A second area which would have been aided by an NHID system is vaccine distribution. The CDC’s latest recommendations on vaccine allocation prioritize persons aged 16-64 with high-risk medical conditions over those who are not at-risk, but it is unclear how this will be implemented in practice. Given the fragmentation of care delivery and the push for widespread vaccination locations, a substantial proportion of Americans may not receive the vaccine through their usual primary care provider. The challenge which follows is that these makeshift vaccination locations won’t have access to longitudinal health records, and may struggle to distinguish high-risk individuals from everyone else. An NHID system combined with robust EHR interoperability would have resolved this and allowed for more precision and efficiency with vaccine distribution.

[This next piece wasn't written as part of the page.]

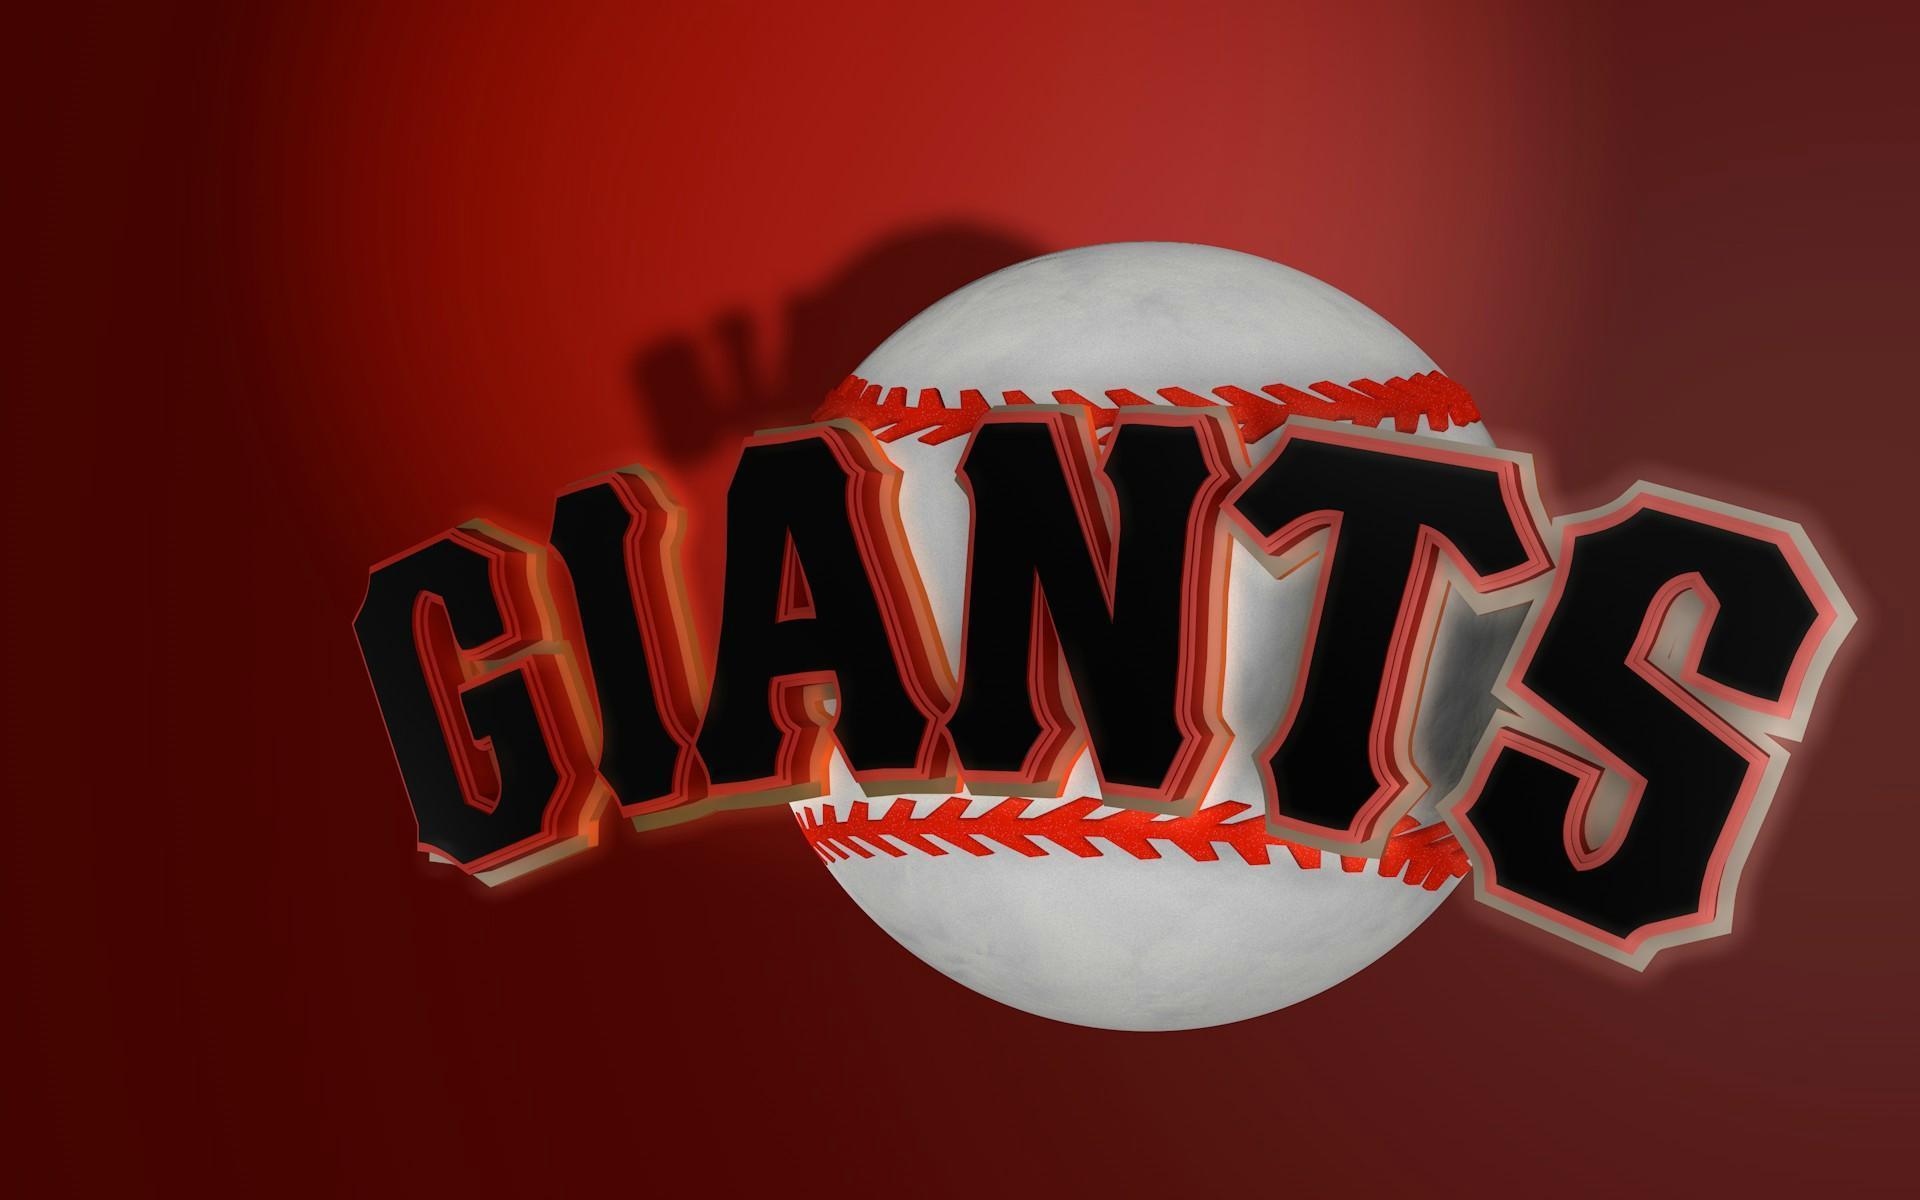 San Francisco Giants Logo Wallpapers Wallpaper Cave HD Wallpapers Download Free Images Wallpaper [1000image.com]

The passage of the Health Insurance Portability and Accountability Act 25 years ago revolutionized the legal protections and accountability around health information, but failed to trigger the development of a national patient identification system. The COVID-19 pandemic has highlighted that such a system is long overdue, and it is time for legislators to act. By overturning the ban on funding an NHID, Congress will be taking a necessary step to making health data truly portable, while fulfilling the original intent of HIPAA as it was written.